We can send a maximum of GF_IOBREF_IOBUF_COUNT (16) in the responses(read in this case). Each request tends to be of 128k.

By having stripe-block-size set to 4k, we would need 32 bufs, hence we end up loosing 16 bufs.

Stripe was designed to handle 128k or higher block sizes.

I will change the stripe-block-size min limit to 16k to prevent this scenario.

If needed I can give you a patch which hikes this buf count to 32.

Comment 8 Alexander Bersenev 2012-03-07 11:10:35 UTC
With hardcoded fuse's max_read = 131072 it seems to be an acceptable solution.
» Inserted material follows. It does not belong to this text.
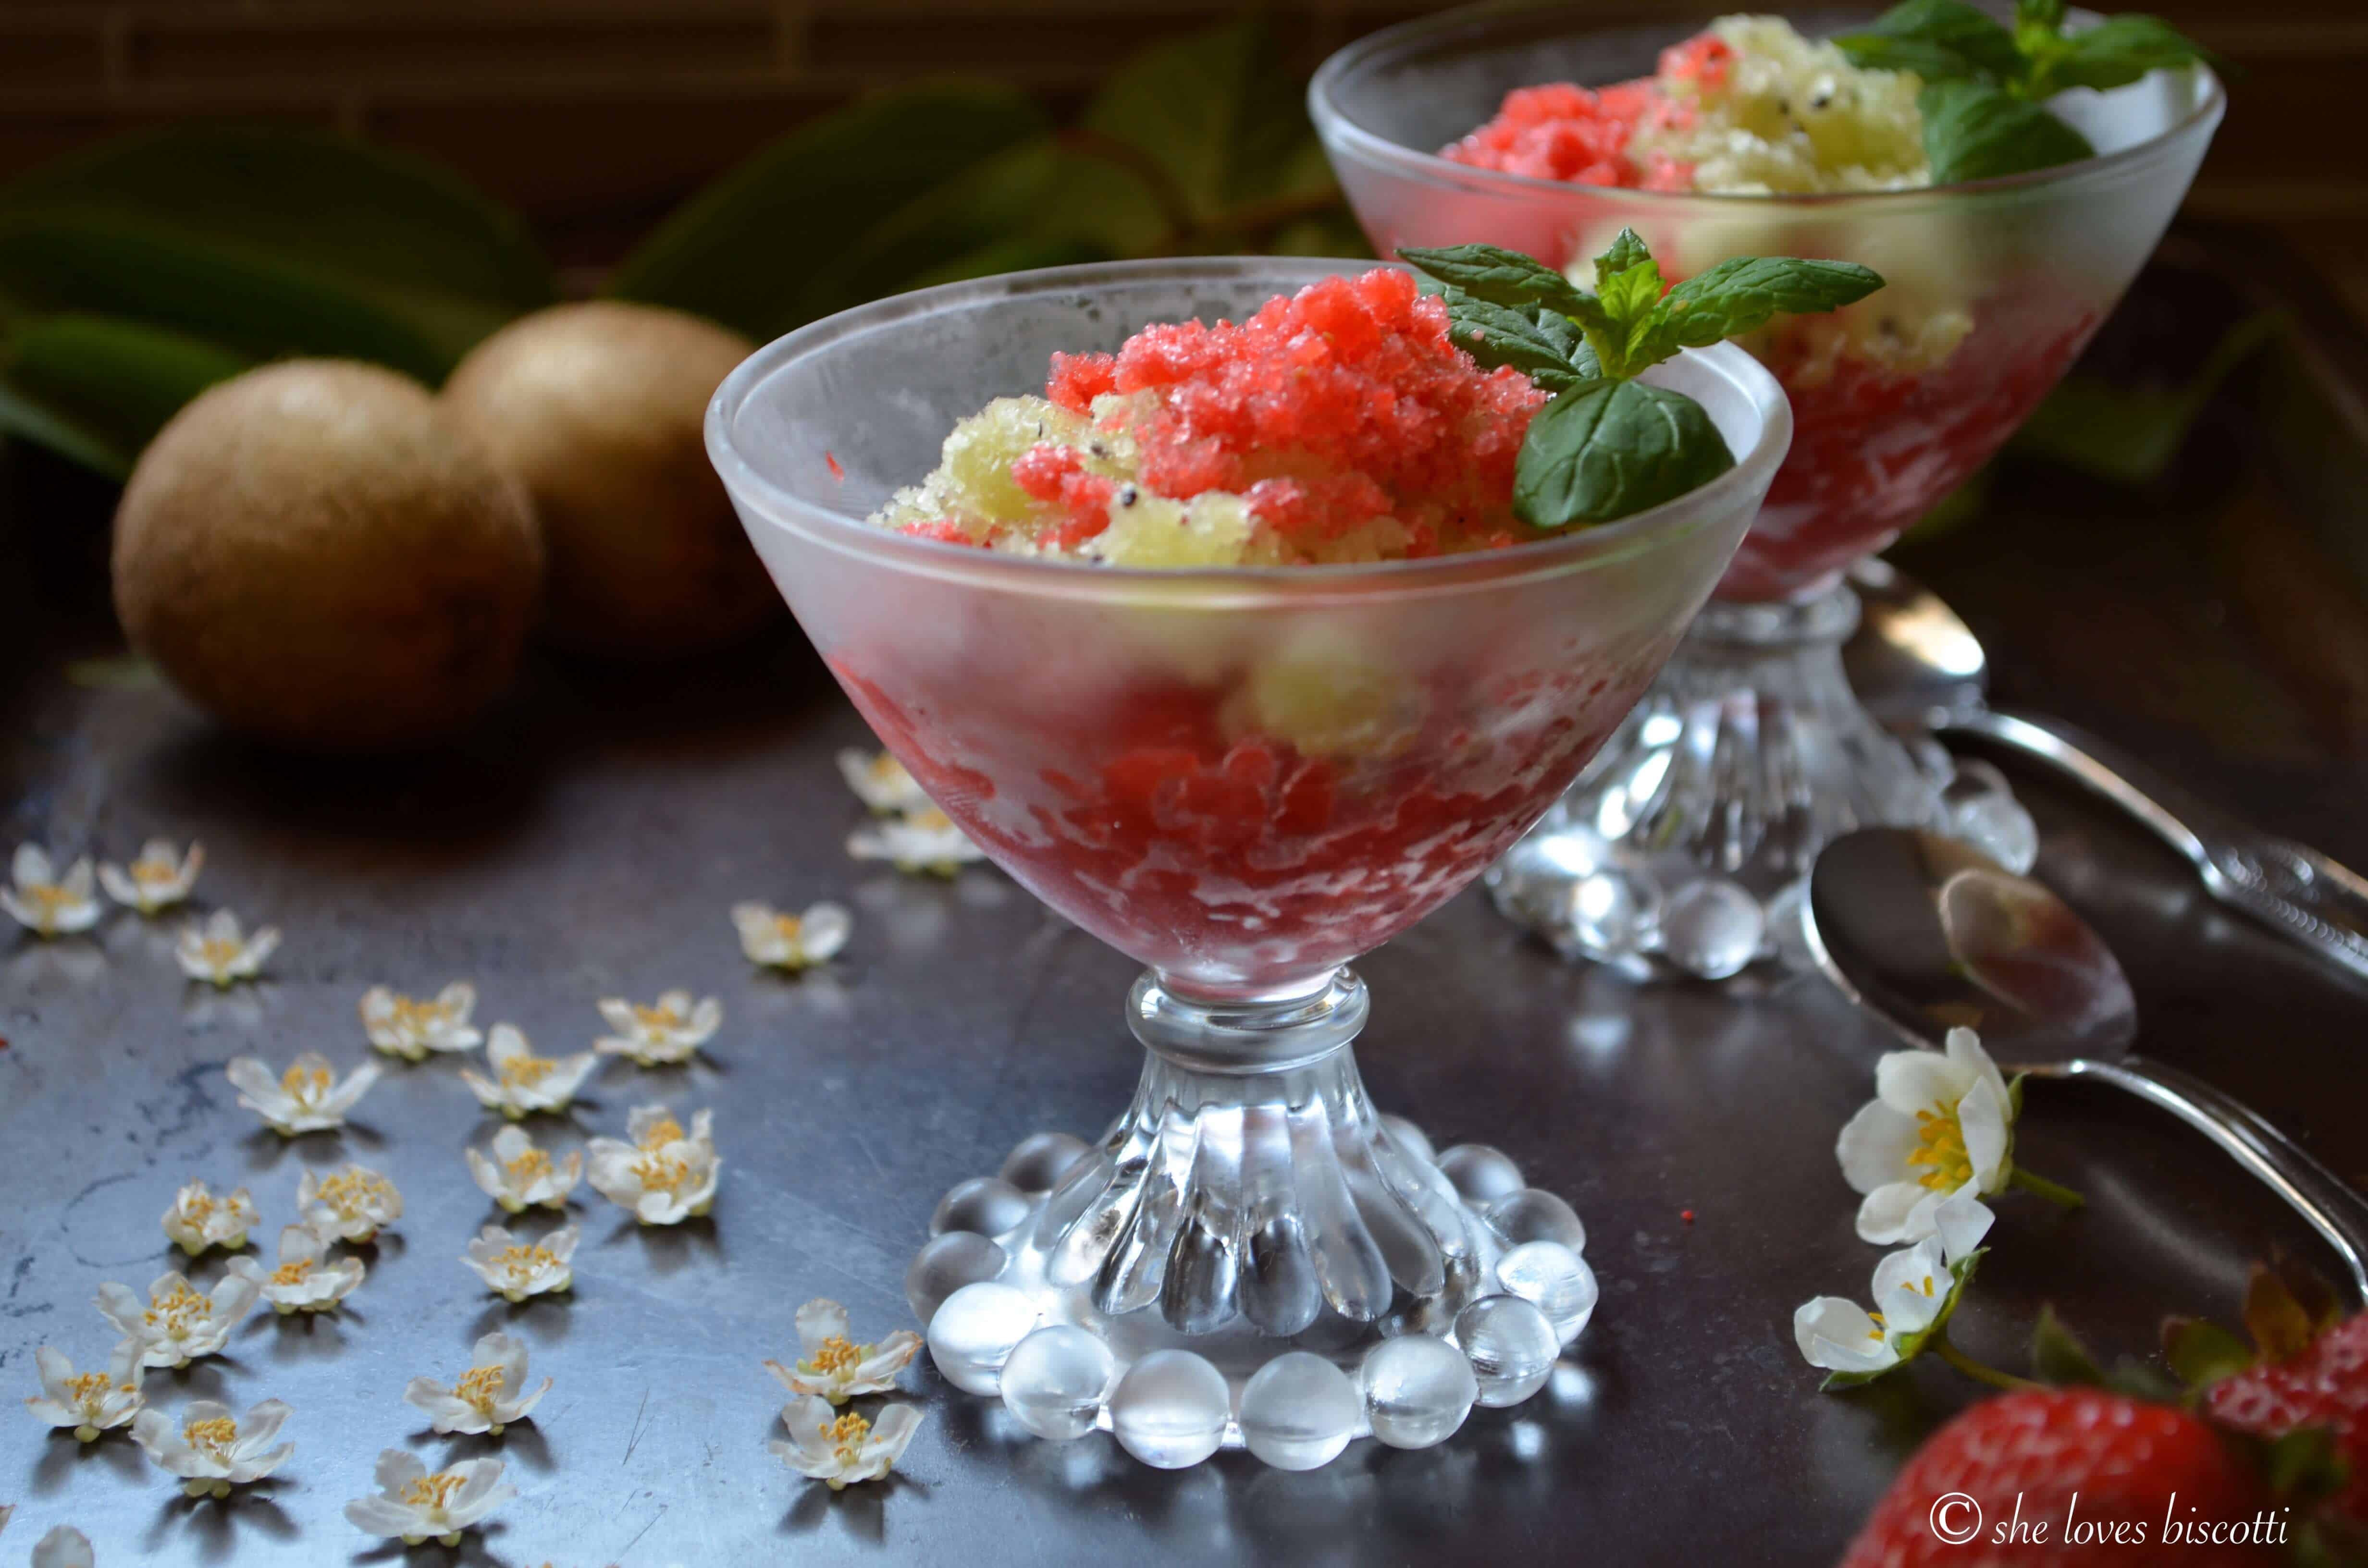 Kiwi granita in a bowl surrounded by kiwi flowers, kiwis and strawberries.

I don't see data corruptions anymore.

I think this bug can be closed.

Comment 9 shishir gowda 2012-03-07 11:36:42 UTC
As stripe is designed to work with larger block size, we will not fix this bug.

Comment 10 Alexander Bersenev 2012-03-09 05:37:56 UTC
Created attachment 568818 [details]
Patch to increase min stripe size to 16384

Here is a patch to change the stripe-block-size min limit to 16k. 

As stripe is designed to work with larger block size and _doesn't work_ with lower values, please, fix this bug by raising the minimum block size limit.